Okay, this was the one with the most propaganda, but if you have enemies, you use them to make yourself smarter. And this is one we can use to see the criticisms and what we do with them. What do they mean and how do we both protect ourselves and make ourselves smarter from what they’re saying?

They did a meta-analysis, it’s the third one I’ve seen,[1],[2],[3] looking at the papers published so far for using platelet-rich plasma to treat erectile dysfunction.[4]

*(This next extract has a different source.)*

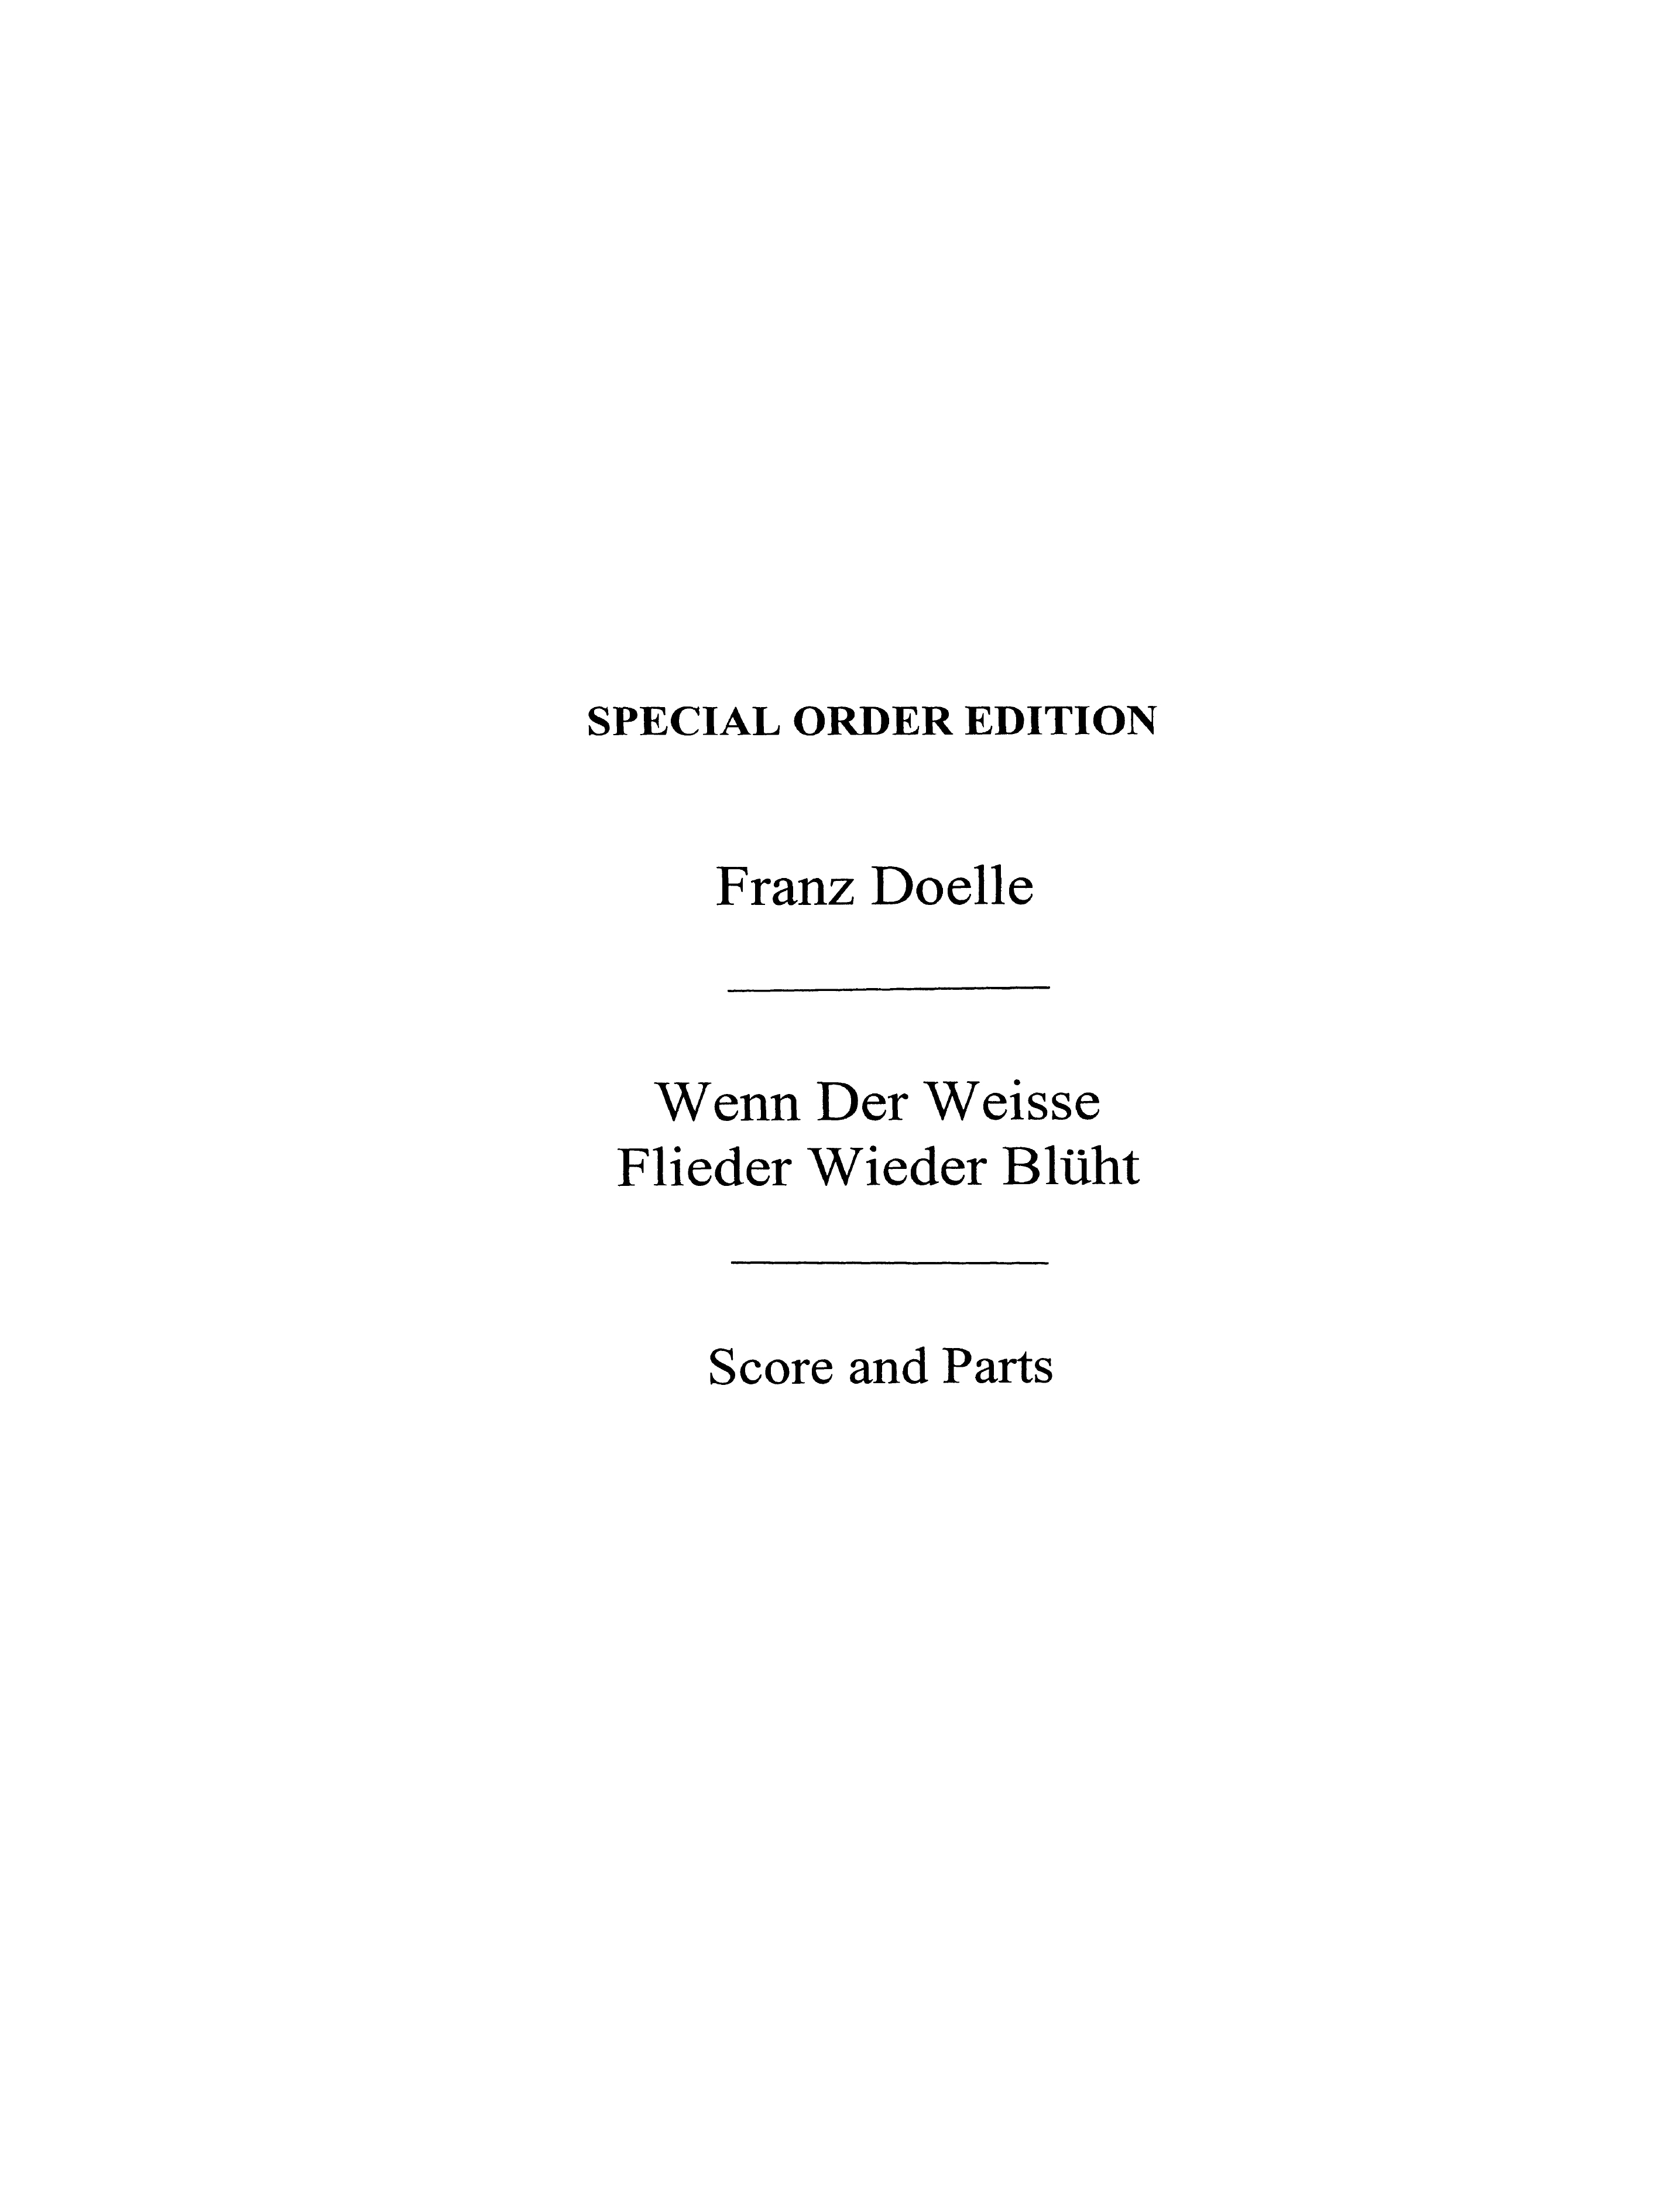 Franz Doelle: Franz Doelle: Wenn Der Weisse Flieder Wieder Bluht: Orchestra: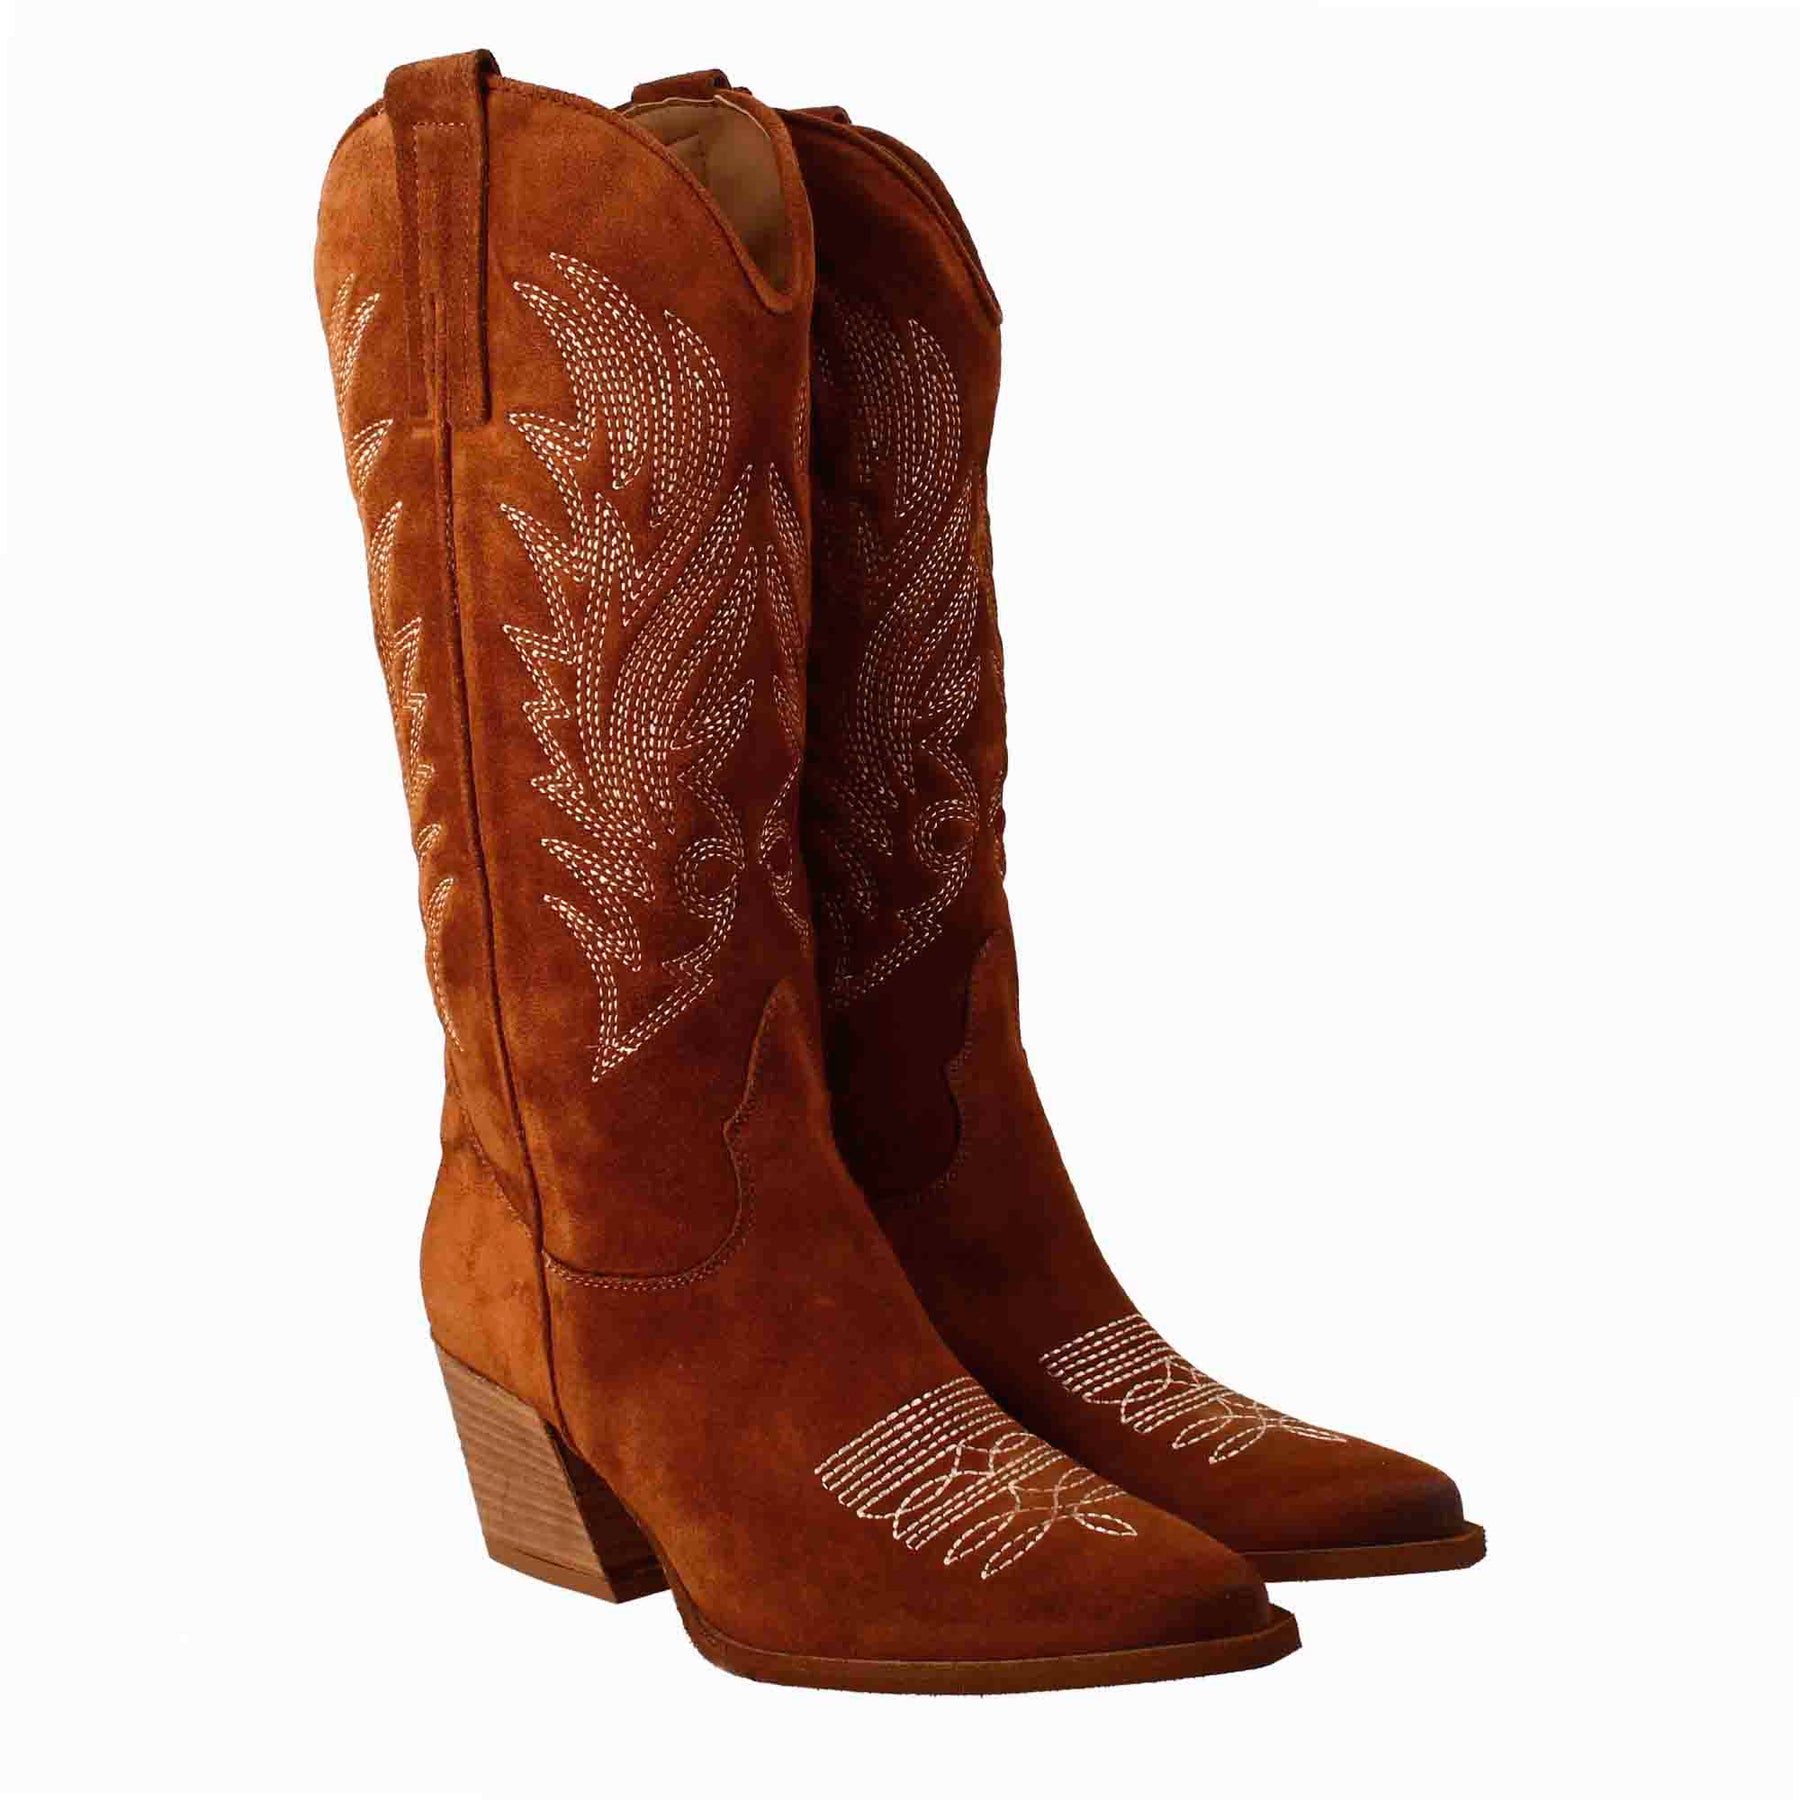 Bottes texanes moyennes pour femme en daim marron avec broderie.

Additional Research Insights (PRP and Smoking, Placebo Limits)

They found over 2,000 papers and then removed duplicates. They got it down to quite a few less and then they pulled out the ones that they thought were biased. And by the time they were done, they had seven studies, all of which we have covered in our journal club, some of them more than once.

And here’s their layout of what happened, placebo versus … They’re using the acronym … What did they call it?

PRT—platelet-rich therapies, is their acronym.

This is The Journal of Sexual Medicine, a high-impact journal, and I had to pay for it, so I can’t give you a copy. I’d be breaking the rules. But I’ll give you the link here in a second. So if you look, these were studies. They favored the PRP, and this was the one study in this review or meta-analysis that favored saline.

Clinical Interpretation and Protocol Importance

Now remember, these protocols are all over the map. In this one, they used less volume. They did not activate with calcium chloride. The way they did the injection was different, and they stopped the PDE5 inhibitors at the same time they did the injection. 

That’s two variables changing. And so I do not agree with their choice of, “Hey. If you throw that one out, then the ones that you wind up with, the PRP is winning hands down.”

But again, a different protocol, and they did two variables. And I don’t know why they didn’t expect us to notice that, but if you look at it, even with that, the main trimming them down to only seven, you would think, “Okay. Well, it looks like we’re still winning out most of the time as far as PRP.”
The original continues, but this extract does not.